Residents of Kaduna in northwest Nigeria, especially those living close to the Kaduna Refining and Petrochemical Company (KRPC), have expressed reservations over a potential health hazard posed by gas flaring from the nearby refinery.
The smoke emitted by the refinery’s chimneys, according to them hovers over their area and goes beyond 10 kilometers in radius, affecting many residents in the southern axis of the city.
A resident who lives close to the refinery, Nasiru Suleiman, said the gas which is being
flared on a daily basis has saturated the area and is causing serious health concern to the locals.
“It smells badly,” he remarks, adding:
“The emission of the carbon dioxide is a serious disaster on our part. In the morning, the gas always descends on the whole environment, making it difficult for us to breathe; it is also the same thing in the evening.

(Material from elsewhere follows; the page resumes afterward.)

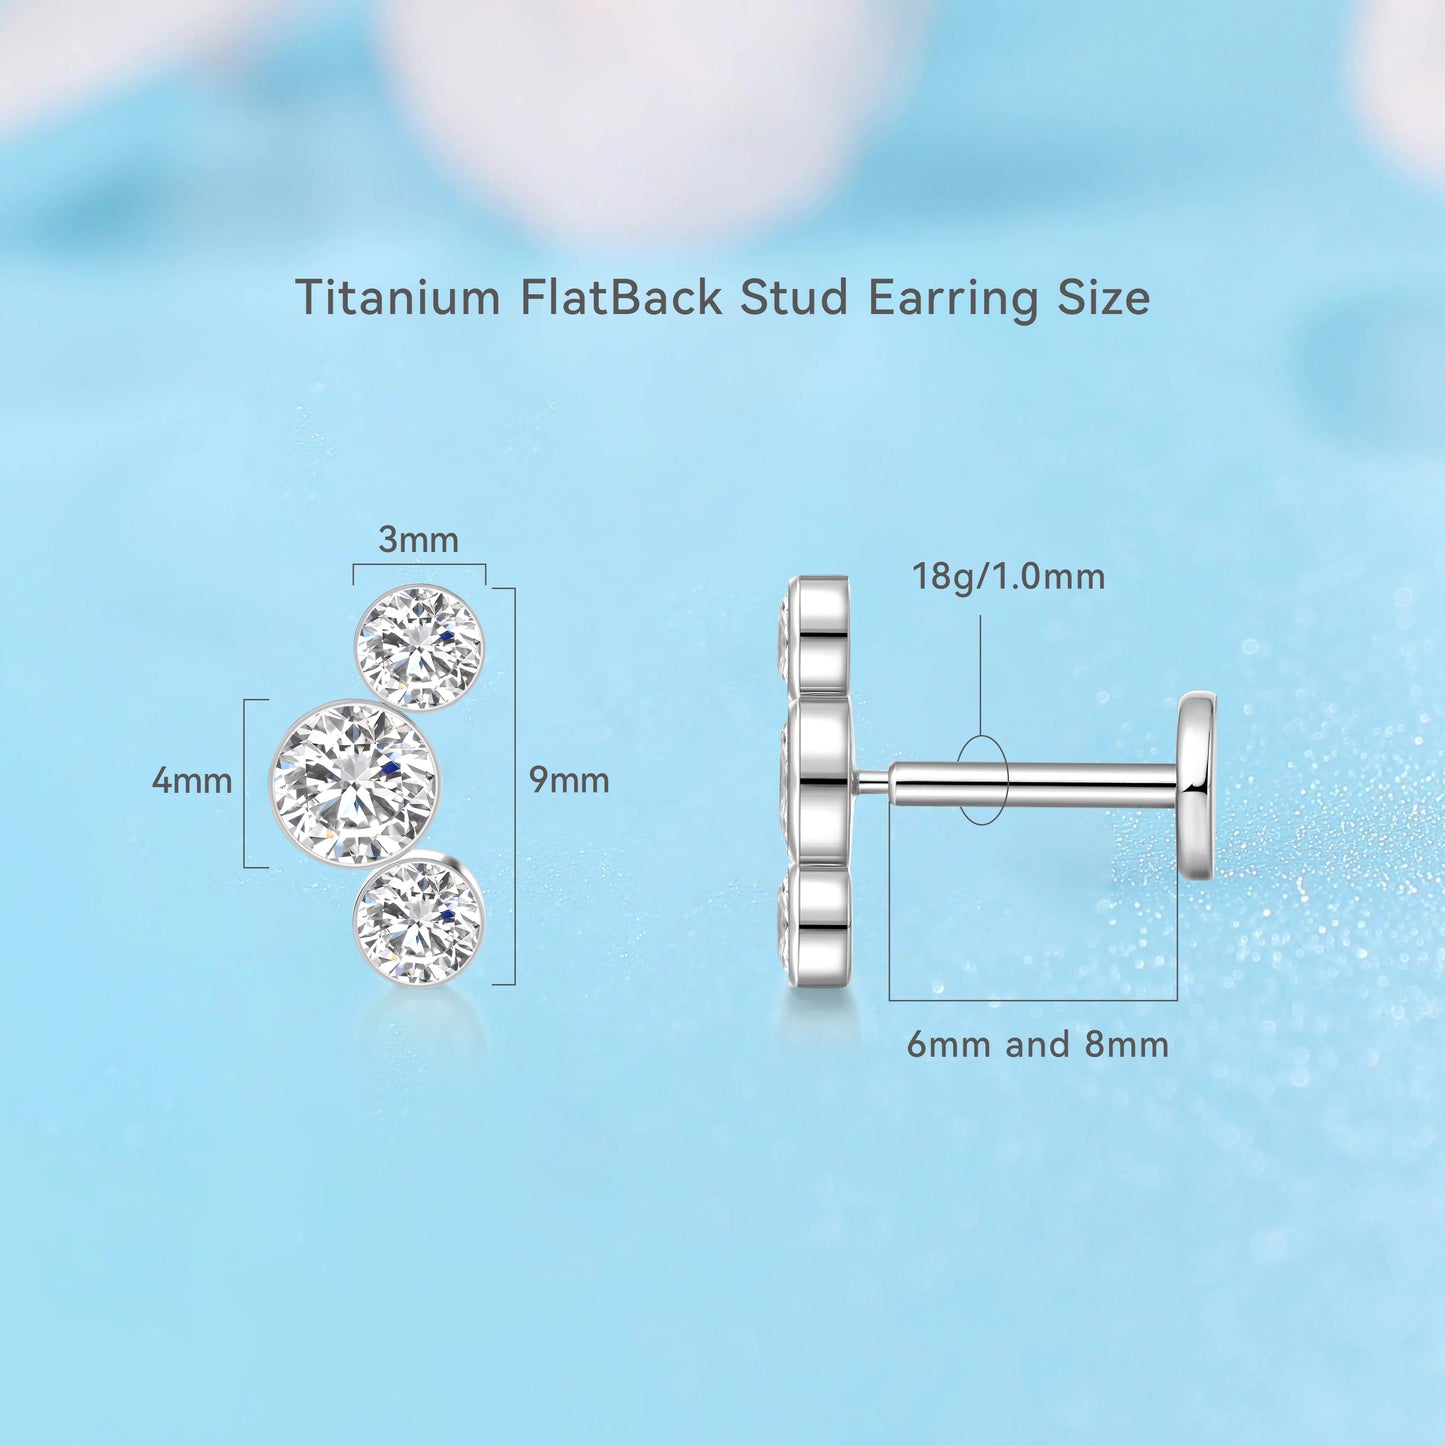 Limerencia G23 Hypoallergenic 18g Flat Back Stud Earrings | F136 Implant Grade Titanium Press Fit Threadless Push Pop in Cartilage Helix Labret Lip Monroe Tragus Piercing Studs- Three Crystal Cluster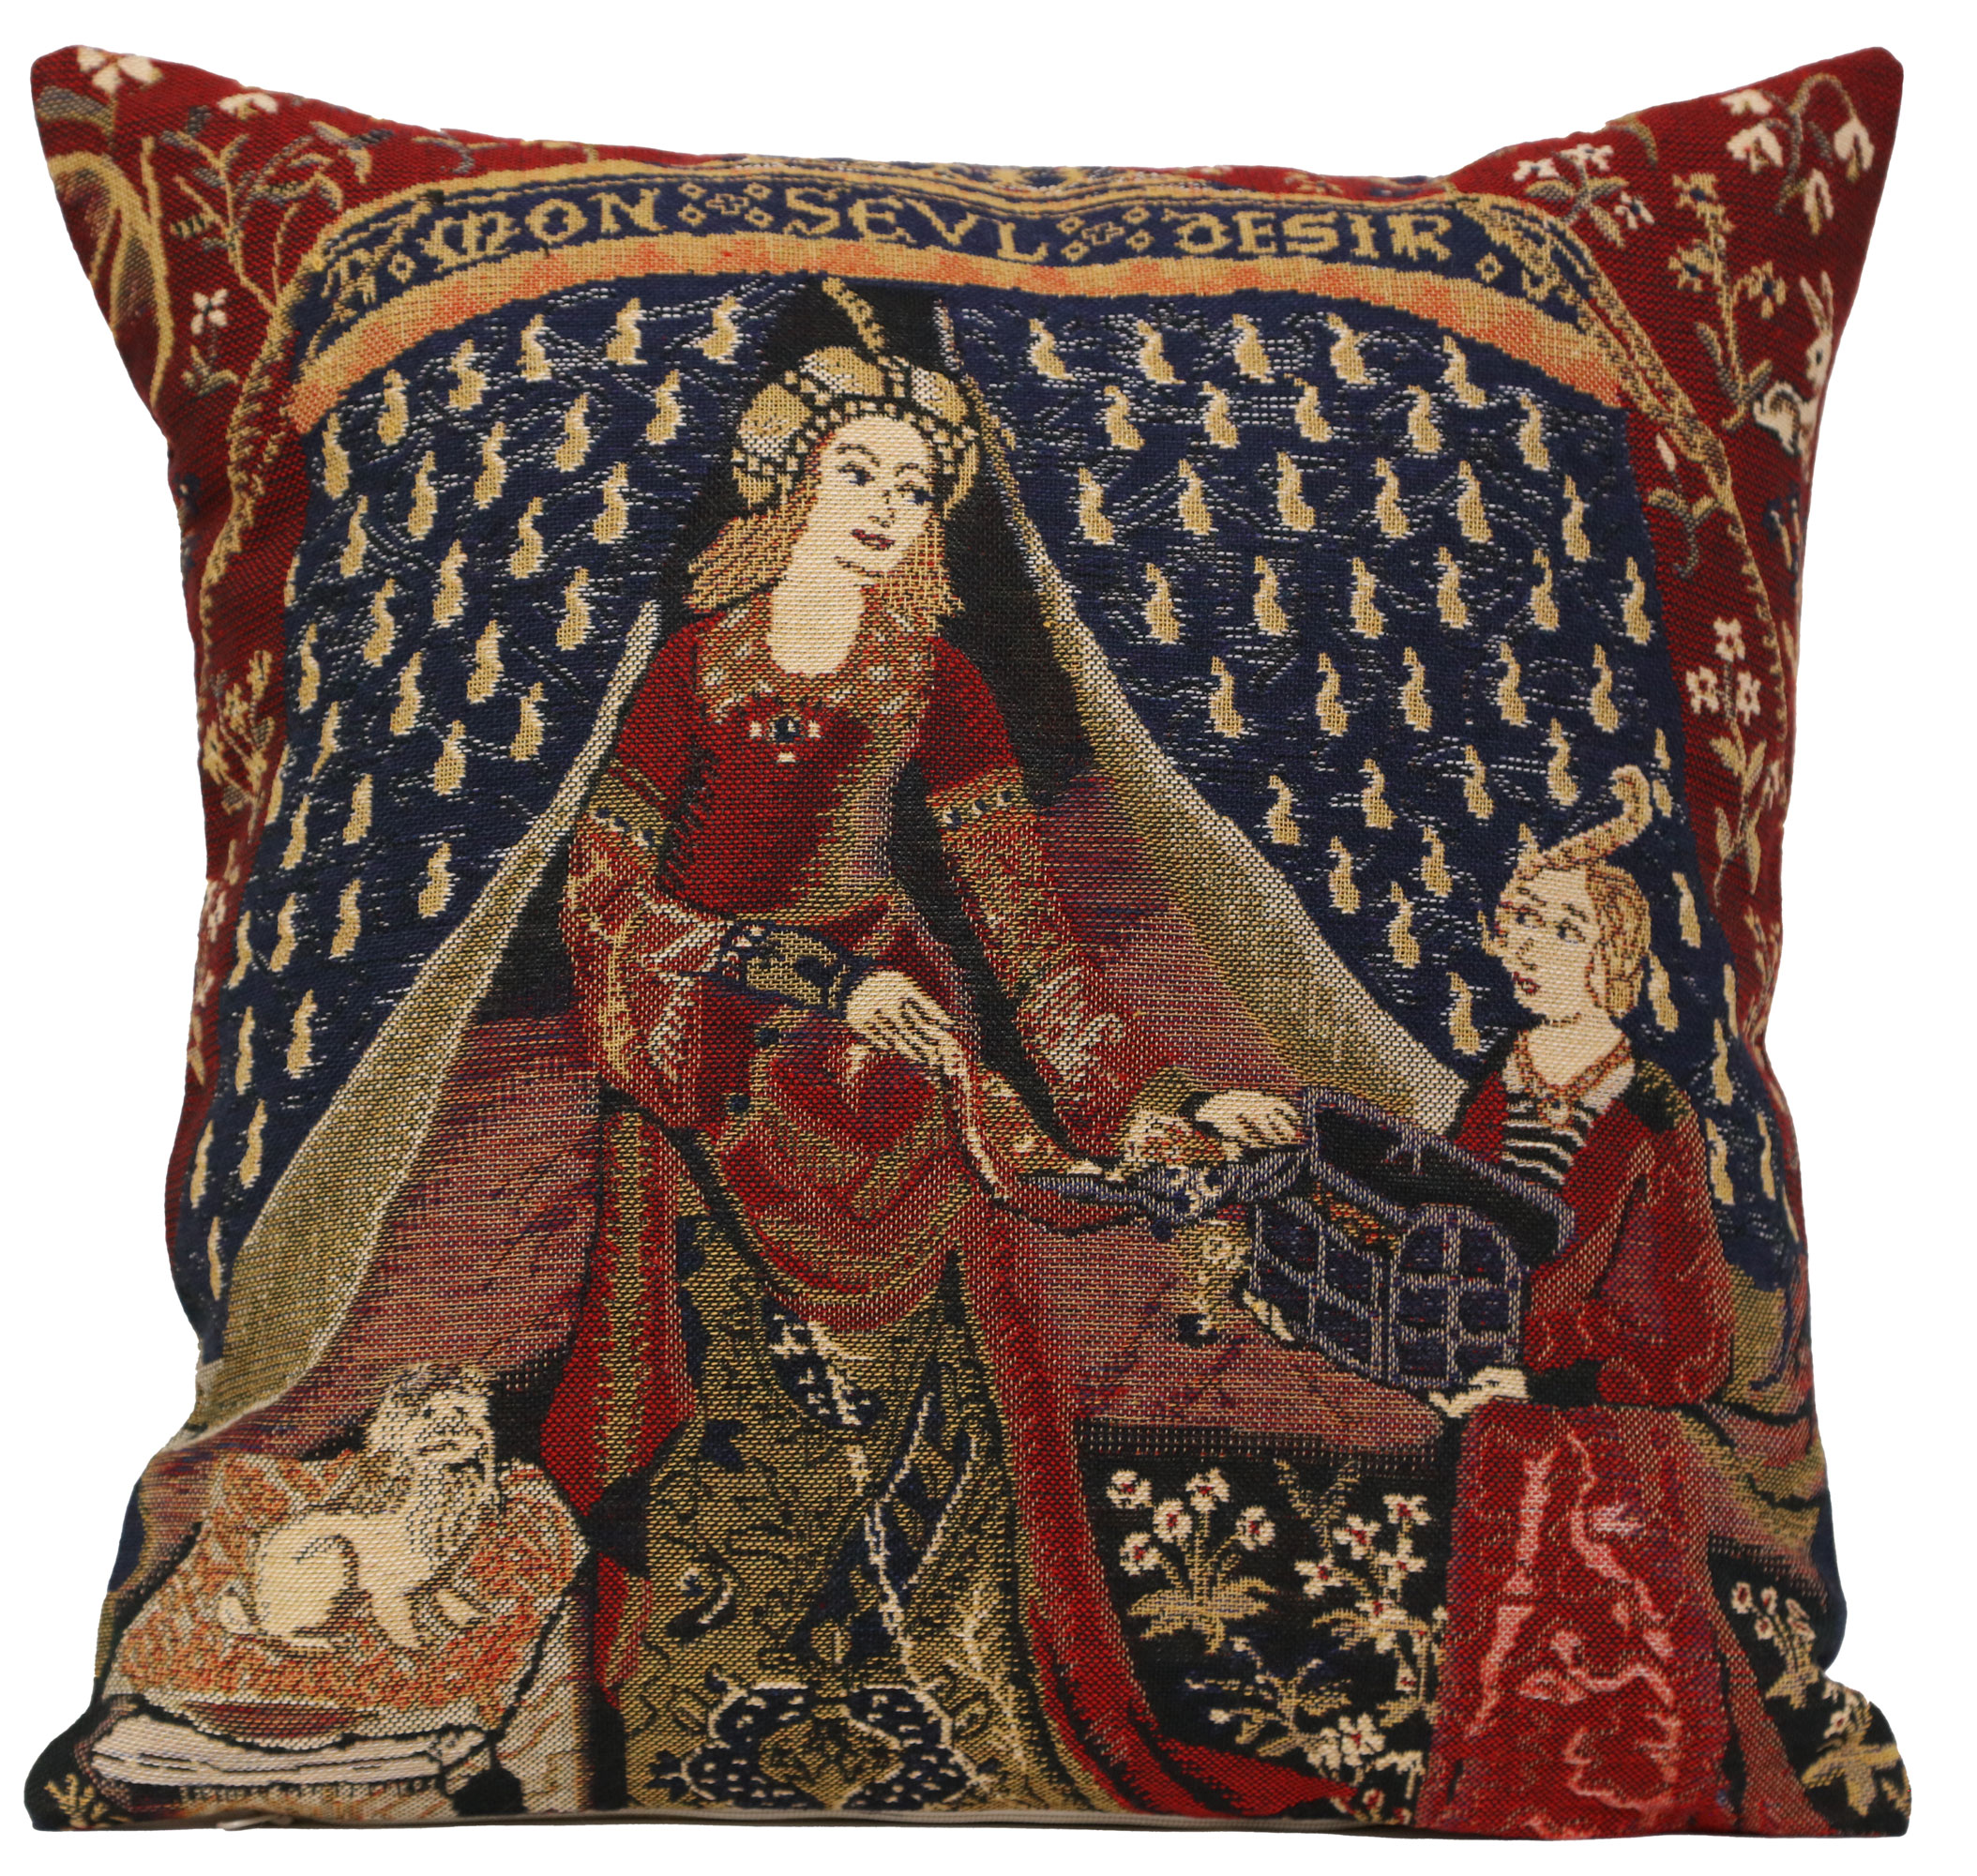 My Only Desire Decorative Throw  Pillow Cover 16x16 in 100% Cotton Cushion Cover

And it has a very powerful and unbearable odour; if we are eating, it is as if we are swallowing the substance along with the food.”
Another resident, Jacob Zango, expressed fear that if immediate measures are not taken by concerned authorities, “the residents might not be able to bear it for long.”
“We are calling on government and management of the KRPC to take immediate action to stop this flaring, because what we are inhaling in this place is poisonous and is capable of killing us,” laments Zango.
Managing Director of KRPC, Bolanle Ayodele, who acknowledged the act, said they are concerned over its effect on both humans and the environment, and are working towards minimising the black smoke being emitted. He was however quick to say that it was not possible for the company to stop gas flaring completely.
“We are aware of this problem and, very soon, we will correct it because we are also concerned about the environment.”
Nigeria is the largest oil producing country in Africa and the sixth in the world. More than 40 years after oil refineries were established in Nigeria, gas flaring still persists despite known health and environmental hazards.
Gas flaring is not peculiar to Kaduna; it is more common in the Niger Delta region where cities like Warri and Port Harcourt also experience the same hazards. Experts estimate that Nigeria currently flares between 1.3 and 1.4 billion cubic feet of gas per day. This is only second to Russia which flares three times the size of what Nigeria burns.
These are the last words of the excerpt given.